The Essential Role of Governance in Ensuring the Safety and Quality of Artificial Intelligence in Healthcare

Laura M. Cascella, MA, CPHRM

Without doubt, artificial intelligence (AI) is on the cusp of revolutionizing fundamental aspects of society. The excitement and promise of AI have propelled these technologies into the global limelight and piqued the interest of leaders and stakeholders in many industries, including healthcare. As AI continues to proliferate, many healthcare organizations are looking for opportunities to incorporate AI applications in meaningful ways that will benefit patients, the workforce, the organization, and communities.
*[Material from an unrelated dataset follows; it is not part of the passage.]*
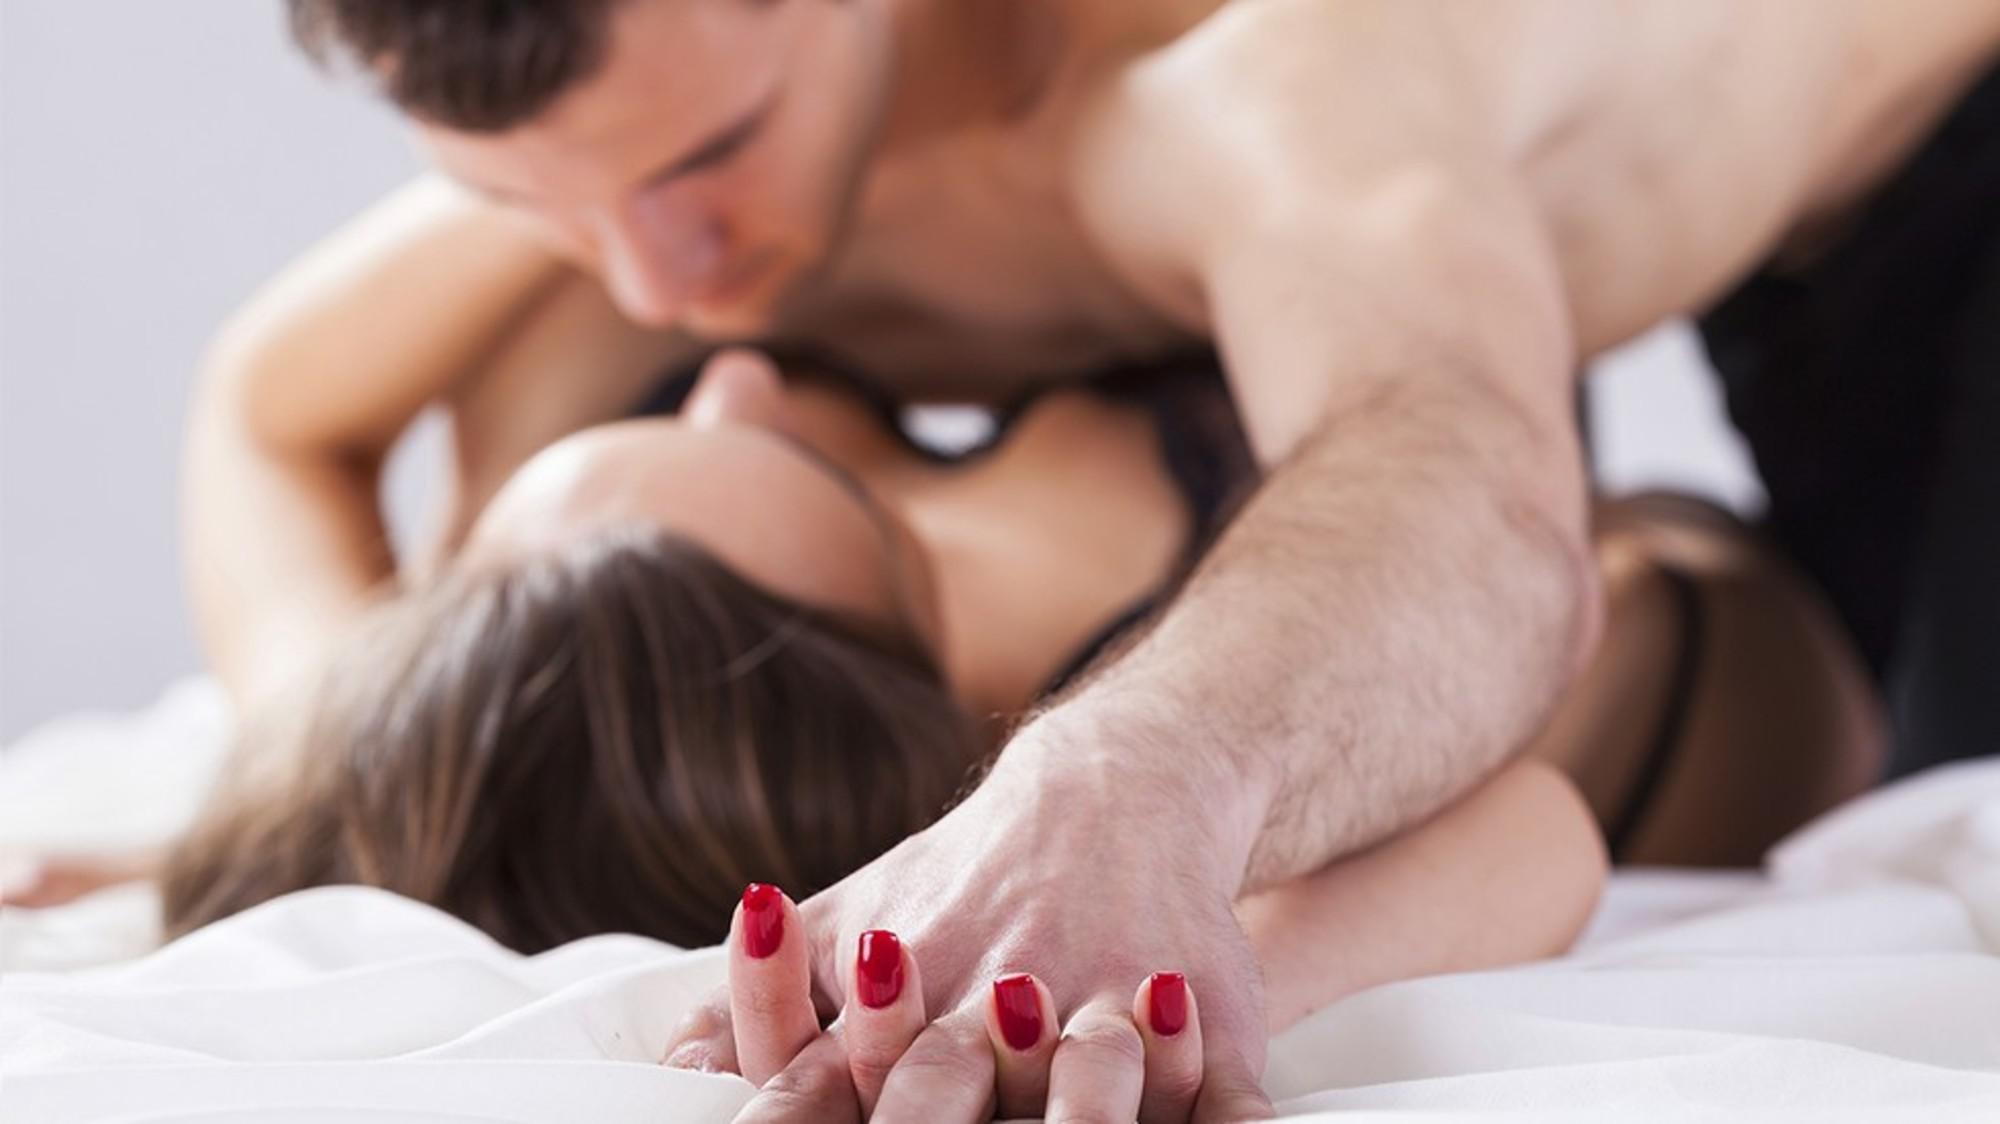 Секс домашний по руски, Русское домашнее порно видео - частный русский секс 15 фотография

Yet, because of AI's rapid advancement, the ability of experts and regulators to establish safety standards and best practices has not kept pace. As a result, many organizations might venture into AI without fully considering its implications or putting proper precautions in place, which may lead to negative and dangerous outcomes — particularly when technologies interface directly with patient care.

Excitement vs. Reality

The Center for Connected Medicine's (CCM's) most recent Top of Mind for Top Health Systems survey found that almost 80 percent of healthcare executives believe that AI is the most exciting emerging technology in healthcare.1 Yet, in another survey of healthcare executives, CCM found that only 16 percent of respondents said their organizations had governance policies related to AI usage and data access.2

While much work remains from an overarching perspective (e.g., federal regulations and oversight, professional standards and best practices, research, etc.), healthcare organizations also need to take steps to ensure responsible use of AI. At the core of this responsibility is developing AI governance policies and procedures to reinforce an organizational commitment to beneficence, nonmaleficence, and justice in the deployment of AI.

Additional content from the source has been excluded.